Dia menambahkan bahwa produksi pertanian kota kecil itu “hampir semuanya hancur.”
Ini sesuai dengan laporan IPCC, yang mengatakan perubahan waktu dan besarnya curah hujan bersama dengan suhu ekstrem berdampak pada produksi pertanian di seluruh Amerika Tengah dan Selatan.
“Dampak pada mata pencaharian pedesaan dan ketahanan pangan, terutama bagi petani kecil dan menengah dan Masyarakat Adat di pegunungan, diproyeksikan akan memburuk,” tulis laporan itu.

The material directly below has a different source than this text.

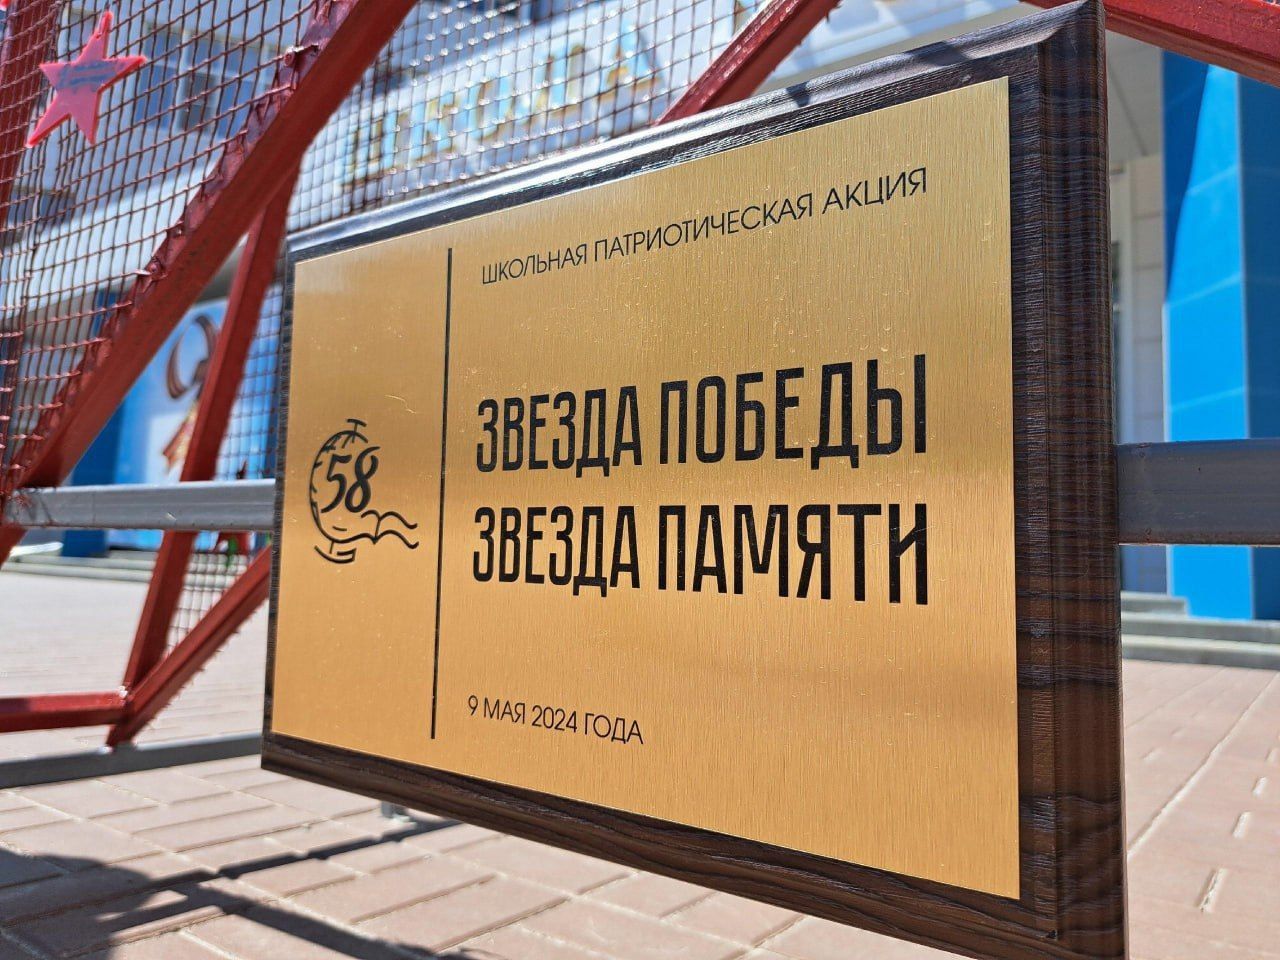 Во дворе школы № 58 установлена «Звезда Памяти».

Pemerintah negara bagian Acre mengatakan setidaknya 76 keluarga telah kehilangan rumah mereka di Jordao dan sekitarnya, kebanyakan dari mereka adalah penduduk asli dan sekarang tinggal di tempat penampungan lokal. Namun Wali Kota Naudo Ribeiro mengakui hitungan tersebut dianggap remeh.
“Ini terlalu cepat, tidak ada cara untuk bersiap ketika itu terjadi seperti ini,” kata Ribeiro kepada media lokal.
Lebih dari 3.400 kilometer (2.100 mil) jauhnya di Petropolis, kota Brasil yang dilanda tanah longsor pekan lalu, Walikota Rubens Bomtempo memberikan komentar serupa kepada wartawan beberapa hari sebelumnya.
“Ini benar-benar tidak terduga. Tidak ada yang bisa memprediksi hujan sekeras ini,” kata Bomtempo.
Laporan IPCC menunjukkan peristiwa seperti ini akan terus mengguncang wilayah tersebut.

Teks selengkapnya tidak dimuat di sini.